The capability of an ego network to predict the clinical outcome was evaluated by support vector machines (SVM) model. In machine learning classification, accuracy was one of the most popular performance measures, but it did not take into account the nature of the incorrect predictions, and thus, we engaged the area under the receiver operating characteristics curve (AUC) which had been introduced as a better measure for evaluating the predictive ability of machine learners than accuracy to assess the clinical classification performance of ego networks. High AUC value indicated a good classified performance between RA patients and normal controls.
Estimating statistical significance
To further evaluate the importance of ego networks in RA patients, we implemented permutation test to assess the statistical significance of them. A permutation test is proposed for examining the significance of effects in unreplicated factorial experiments and its stated test size without any distributional requirements. In this work, permutation test was performed 1000 times on each ego network, and it would produce an AUC for the network after each permutation. P value for an ego network was defined as the possibility of AUC for the ego network identified by EgoNet algorithm was smaller than that of ego network produced by permutation test. Next, these P values were corrected by multiple testing in Benjamini–Hochberg method. Ego networks with AUC ≥0.9 and P < 0.05 were considered to be significant ego networks between RA and normal conditions.
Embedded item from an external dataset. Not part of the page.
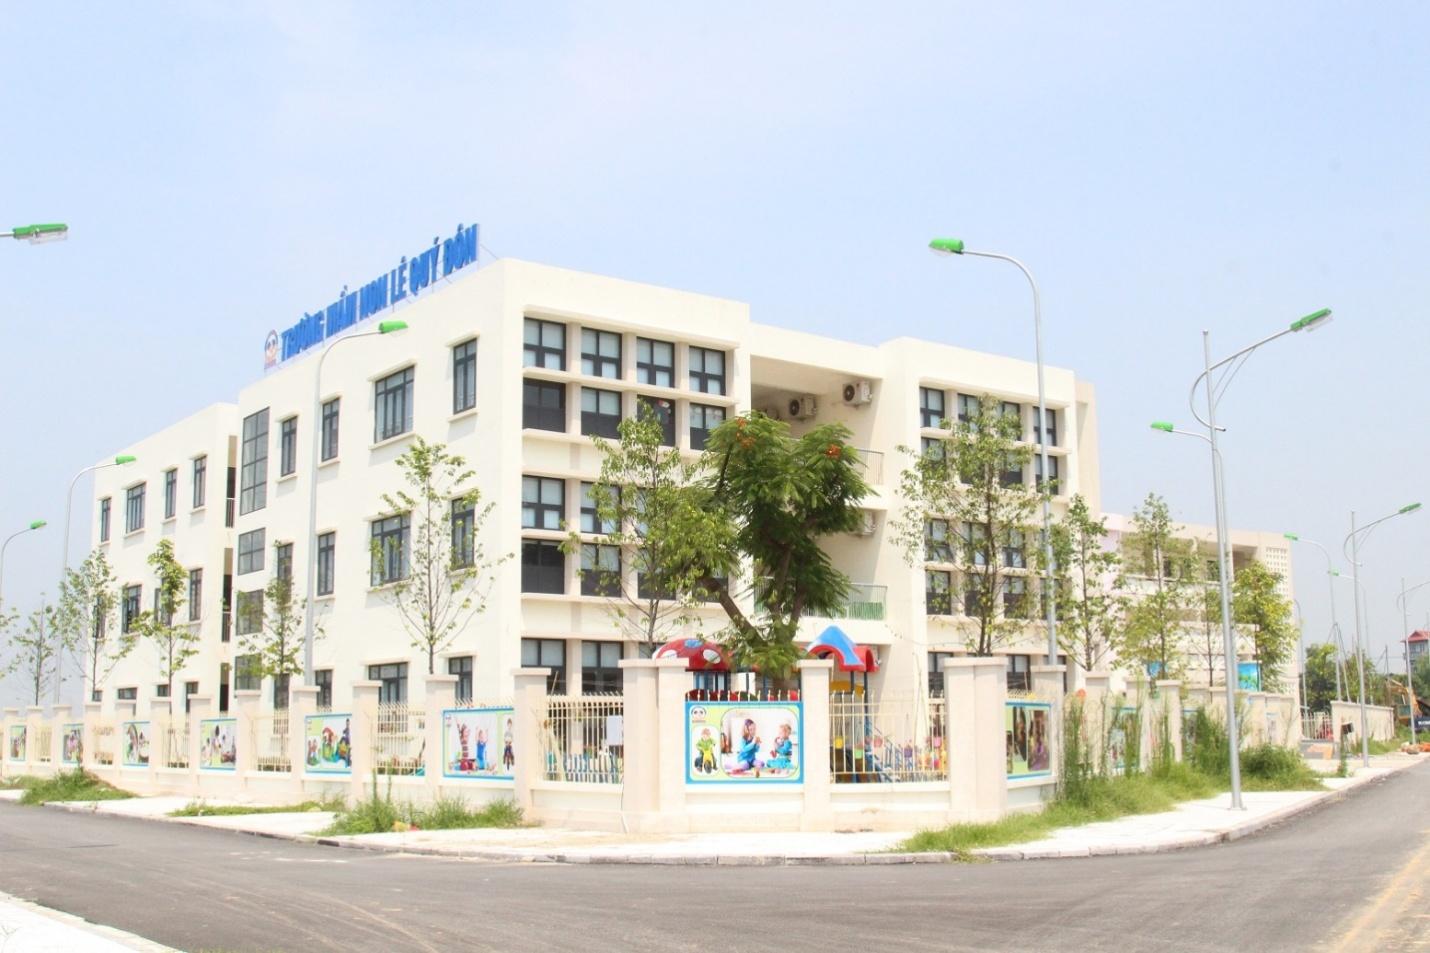 Hà Nội có thêm hệ thống trường học liên cấp đạt chuẩn, hiện đại phía Tây Thủ đô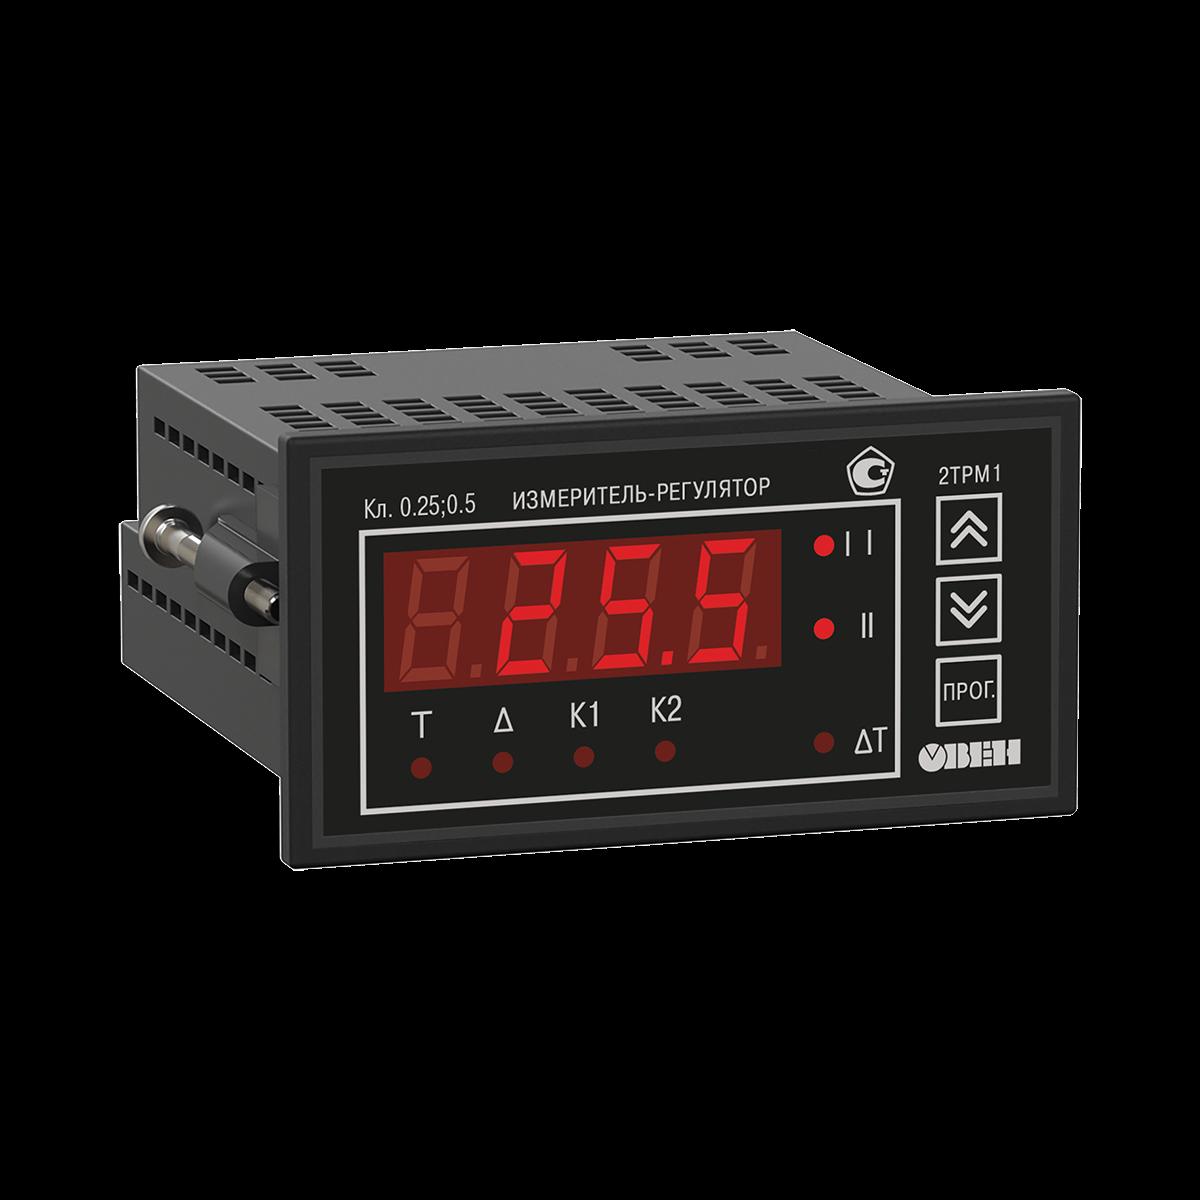 Универсальный измеритель-регулятор восьмиканальный овен трм выполняется в корпусе щ4 восемь универсальных входов для подключения от 1 до 8 датчиков разного типа в любых комбинациях, что позволяет одновременно измерять и контролировать несколько различных физических величин температуру, влажность, давление и др.

Pathway enrichment analysis
For the purpose of exploring biological activities of genes in significant ego networks, pathway enrichment analysis for them was carried out. Reactome is a manually curated open resource for human pathway data described in molecular terms and provides infrastructure for computation across the biologic reaction network. Hence, we downloaded all biological pathways for human beings from the Reactome pathway database (http://www.reactome.org) and gained 1675 pathways in total. Due to pathways with too small or too large number of genes are too difficult understood by researchers; hence, pathways with gene counts ranged from 5 to 100 were selected as background pathways used in this study. A total of 871 pathways were obtained for subsequent analysis.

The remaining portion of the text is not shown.